# Algebraic Geometry – Open Morphism of Schemes

Let $$f: X to S$$ a finite morphism between affine schemas $$X = Spec (A), S = Spec (R)$$. Note by $$phi: R to A$$ the corresponding circular card.

I am looking for pure theoretical / algebraic ring tools / criteria to define if $$f$$ is a open the map (in the topological sense). More concretely in the sense of what conditions the ring morphism $$phi$$ and resp induced morphisms $$phi_p: R_p to A_p$$ on the family of locations to $$p$$ implies that $$f$$ is open.

The bottom of my question is the following thread: The Finite and Locally Free map is open.

Here we have the situation $$f$$ is a finite morphism and locally free and I want to infer that this already implies that $$f$$ is open.

Obviously, the problem is local so we can work with the above setting and assume that $$X , S$$ affine and $$A = R ^ n$$ as $$R$$-module since $$phi$$ is in the given context exactly the map $$R to R ^ n$$.

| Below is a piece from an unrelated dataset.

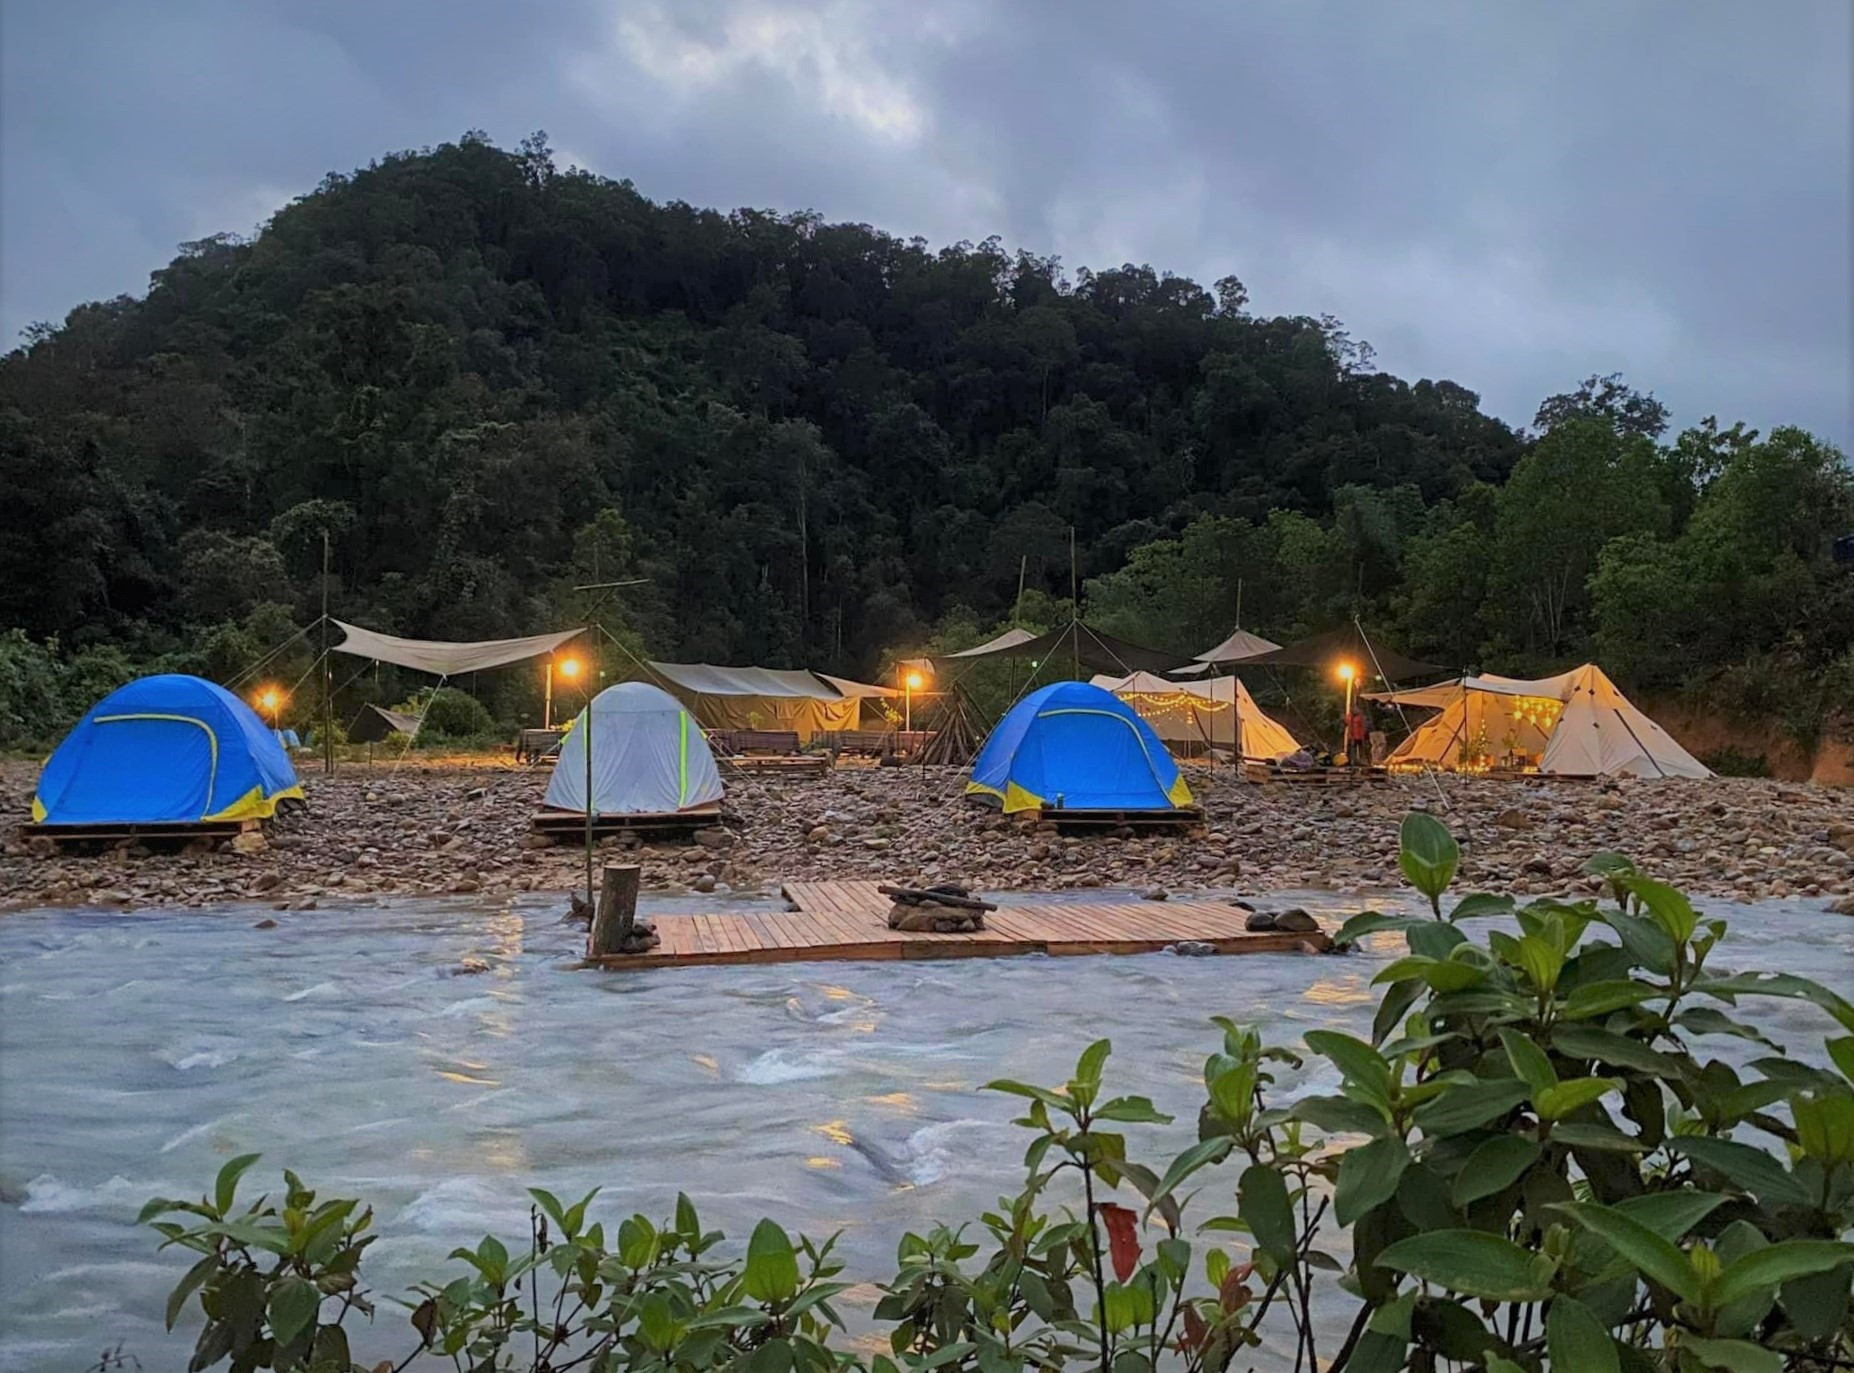 Các lều trại được cắm dọc bờ suối, tạo điểm sinh hoạt trải nghiệm lý tưởng cho du khách. Ảnh: ALĂNG NGƯỚC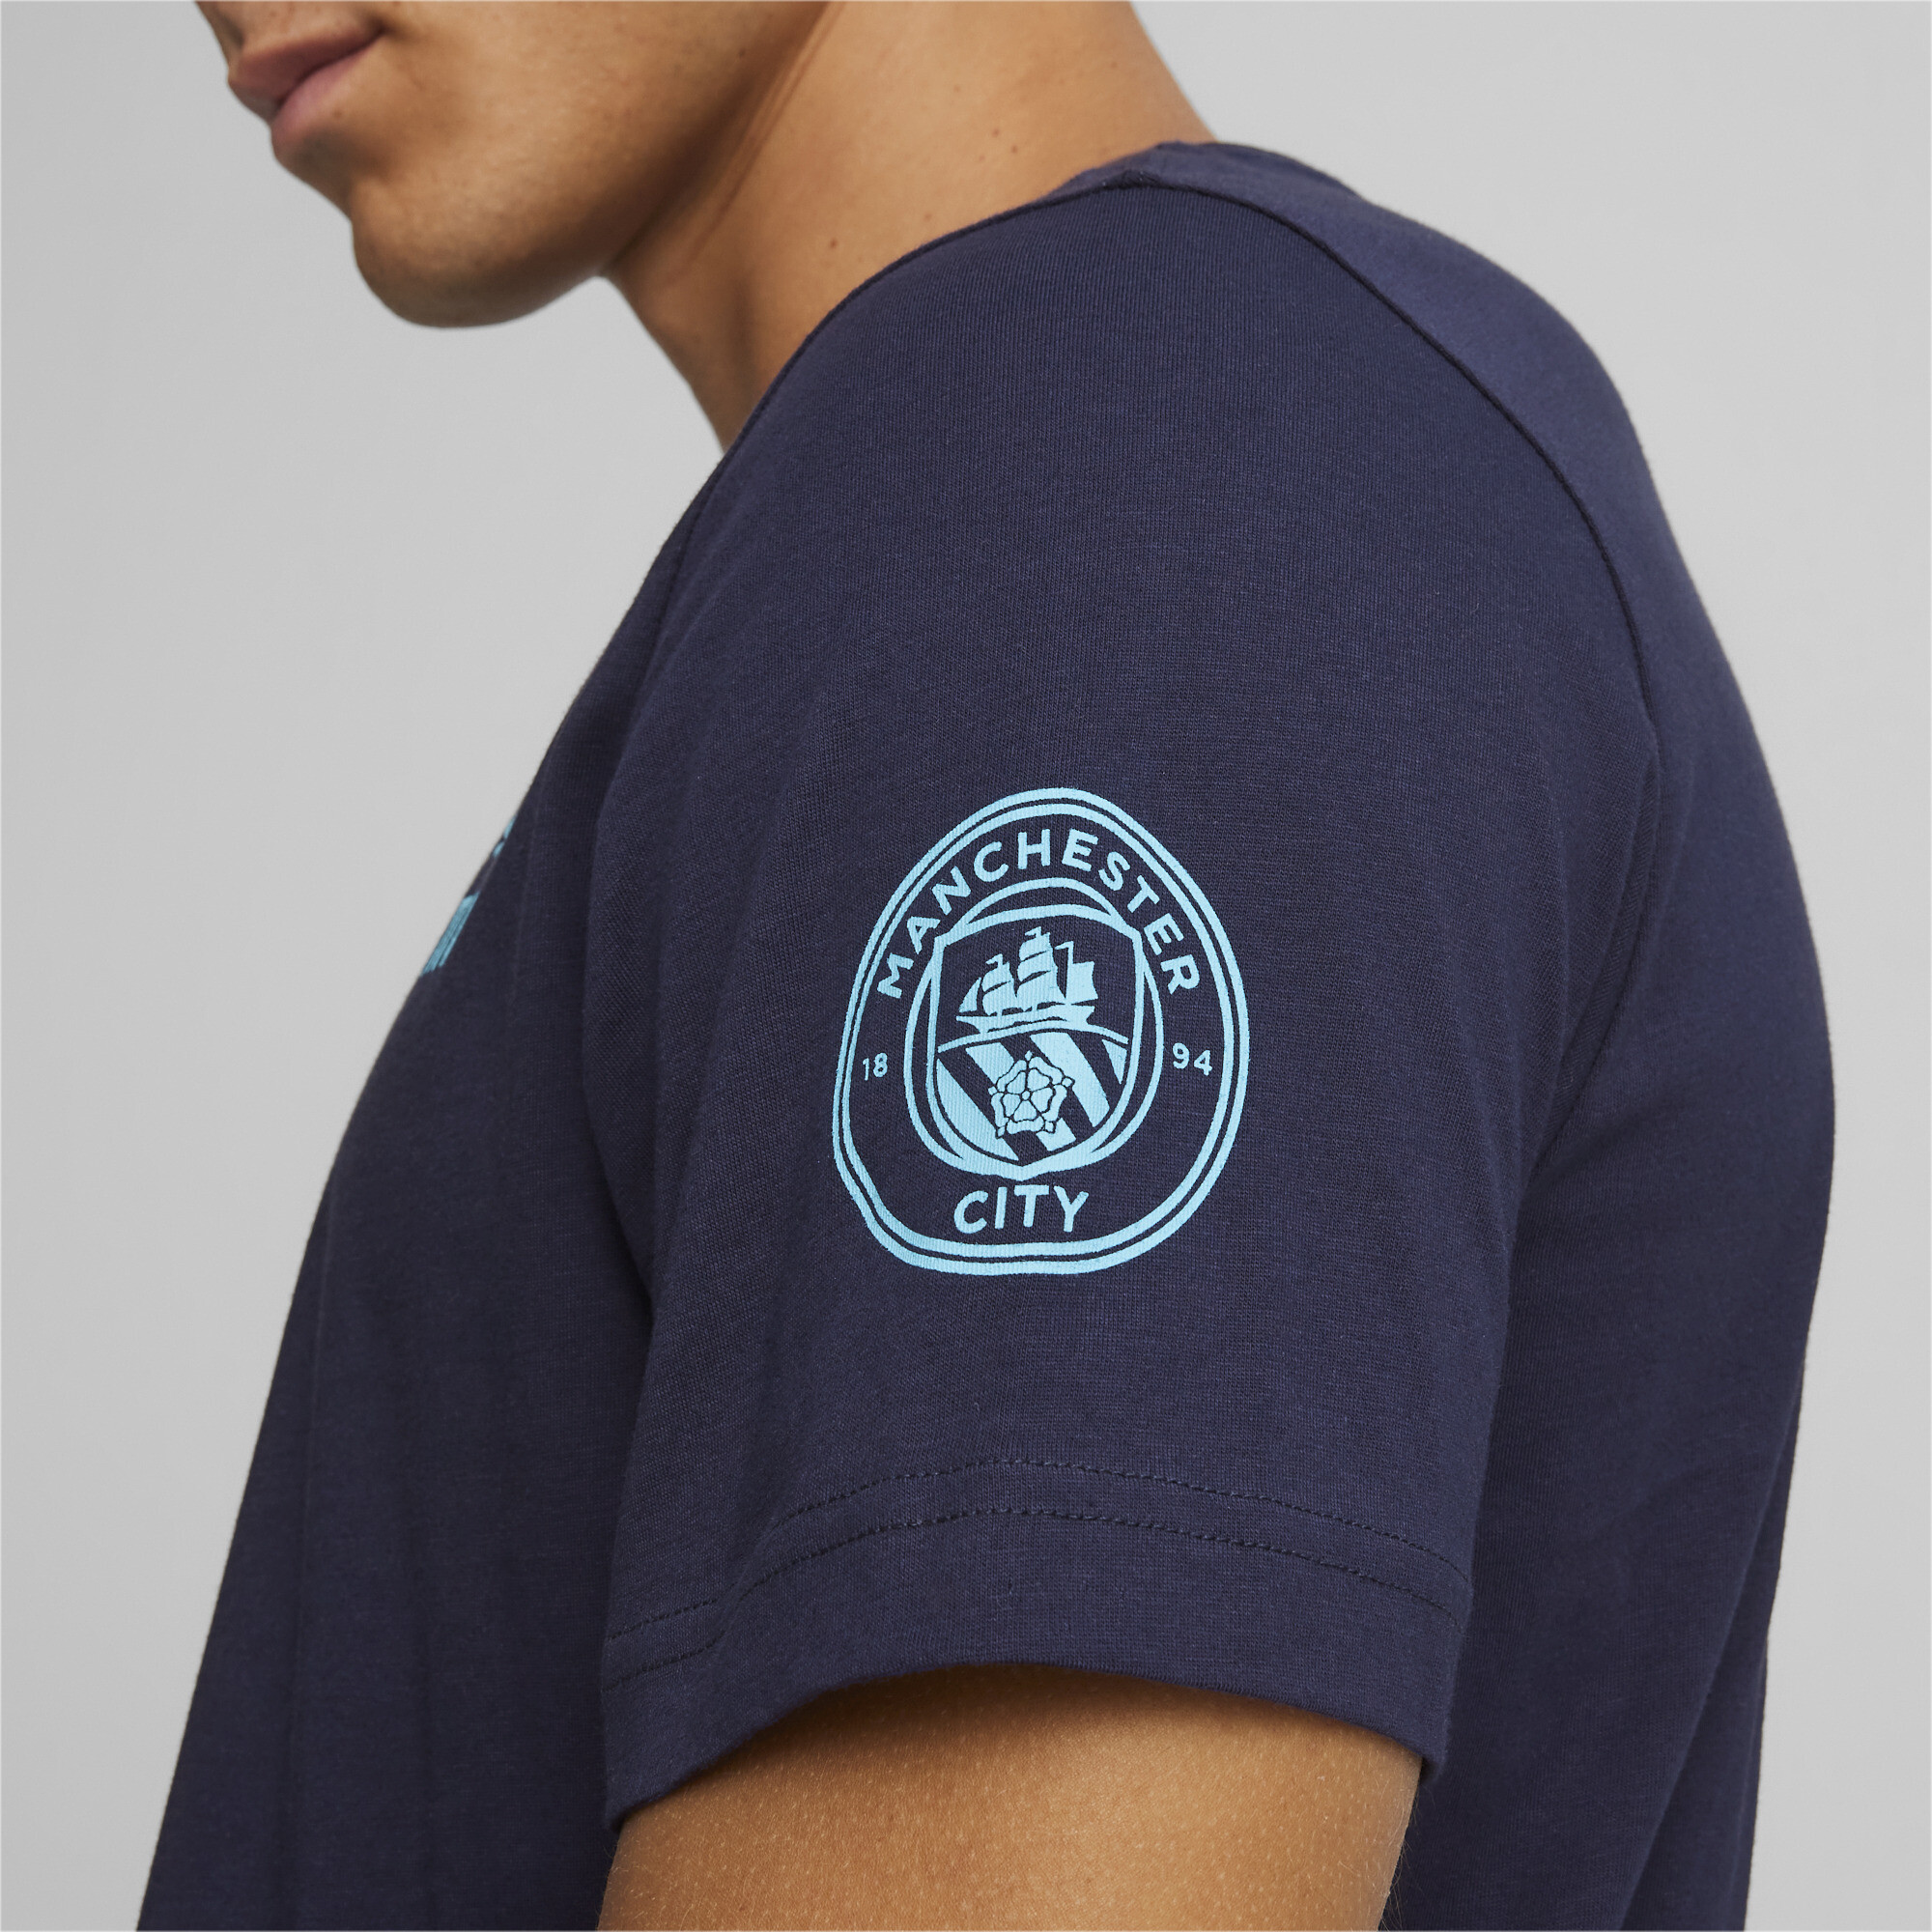 Men's Puma Manchester City Ftblicons T-Shirt, Blue, Size M, Sport

The author observes that, due to local weakness, the stems of $$f _ * mathcal {O} _X$$ are nonzero on an open subset of $$S$$.

What does he mean? That at every point $$s in S$$ there is a rod in $$( phi _ * mathcal {O} _X) _s cong mathcal {O} ^ n_ {S, s}$$ which can be extended to a section on an open subset $$U subset S$$? Is it not regulated by definition stems as direct limit representatives?

Again, since the problem is local so wlog $$U = D (f)$$ or $$f in R$$. Why does this stem condition imply that $$f$$ is open? Does this stem from a more general criterion of openness based on switched algebra methods?